阅读说明：本技术 一种钇稳定氧化锆及其生产工艺 (Yttrium stabilized zirconia and production process thereof ) 是由 王洋 于 2020-07-25 设计创作，主要内容包括：本申请公开了一种钇稳定氧化锆及其生产工艺,属于氧化锆材料技术领域。本申请的钇稳定氧化锆的生产工艺,包括如下步骤：1)将制备原料混合均匀,在2600-2800℃下保温1-3h,制得熔融液；所述制备原料包括如下重量份数的组分：氧化锆88-92份、氧化钇8-10份、氧化钙0.8-1.5份、氧化镁0.2-0.3份；2)将步骤1)得到的熔融液采用压缩气体进行喷吹,将喷吹出的颗粒冷却。本申请的钇稳定氧化锆生产工艺采用了非常高的烧结温度,能够制得致密度高且晶相分布均匀的氧化锆材料,材料具有高稳定性,颗粒表面不易出现裂纹。(The application discloses yttrium-stabilized zirconia and a production process thereof, belonging to the technical field of zirconia materials. The production process of the yttrium-stabilized zirconia comprises the following steps: 1) uniformly mixing the preparation raw materials, and preserving heat for 1-3h at the temperature of 2600-; the preparation raw materials comprise the following components in parts by weight: 88-92 parts of zirconium oxide, 8-10 parts of yttrium oxide, 0.8-1.5 parts of calcium oxide and 0.2-0.3 part of magnesium oxide; 2) blowing the molten liquid obtained in the step 1) by using compressed gas, and cooling the blown particles. The production process of the yttrium-stabilized zirconia adopts very high sintering temperature, can prepare the zirconia material with high density and uniform crystal phase distribution, has high stability, and is not easy to crack on the surface of particles.)

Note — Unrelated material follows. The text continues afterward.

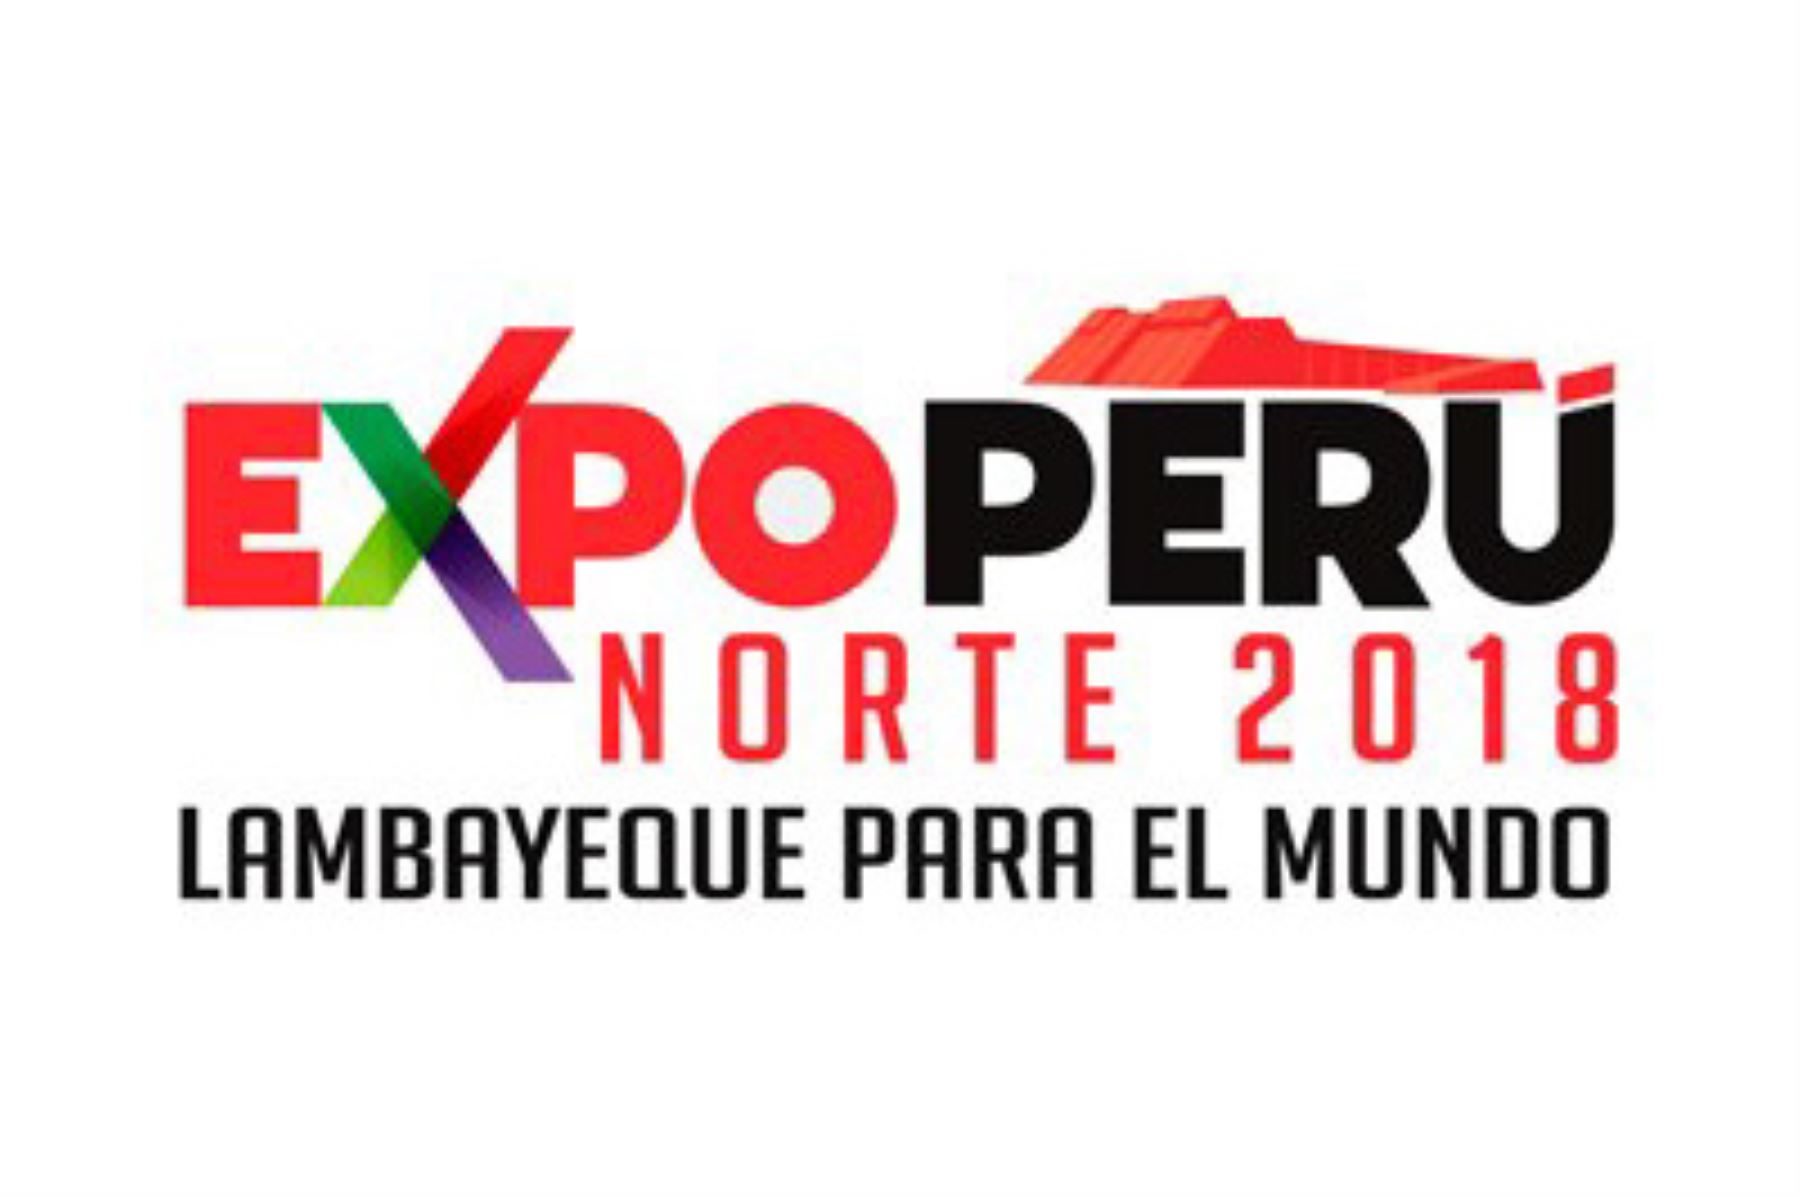 El Ministerio de Comercio Exterior y Turismo (Mincetur) declaró de interés nacional la realización del evento denominado Expo Perú Norte 2018 “Lambayeque para el mundo”, a desarrollarse del 26 al 29 de abril en la ciudad de Chiclayo, departamento de Lambayeque.

1. A production process of yttrium-stabilized zirconia is characterized by comprising the following steps: the method comprises the following steps:

1) uniformly mixing the preparation raw materials, and preserving heat for 1-3h at the temperature of 2600-; the preparation raw materials comprise the following components in parts by weight: 88-92 parts of zirconium oxide, 8-10 parts of yttrium oxide, 0.8-1.5 parts of calcium oxide and 0.2-0.3 part of magnesium oxide;

2) blowing the molten liquid obtained in the step 1) by using compressed gas, and cooling the blown particles.

2. Process for the production of yttrium-stabilized zirconia according to claim 1, characterized in that: the preparation raw materials also comprise 0.3-0.5 weight part of alumina and 0.5-0.8 weight part of cosolvent.

3. Process for the production of yttrium-stabilized zirconia according to claim 1, characterized in that: the preparation raw material also comprises 0.1-0.2 weight part of bismuth oxide.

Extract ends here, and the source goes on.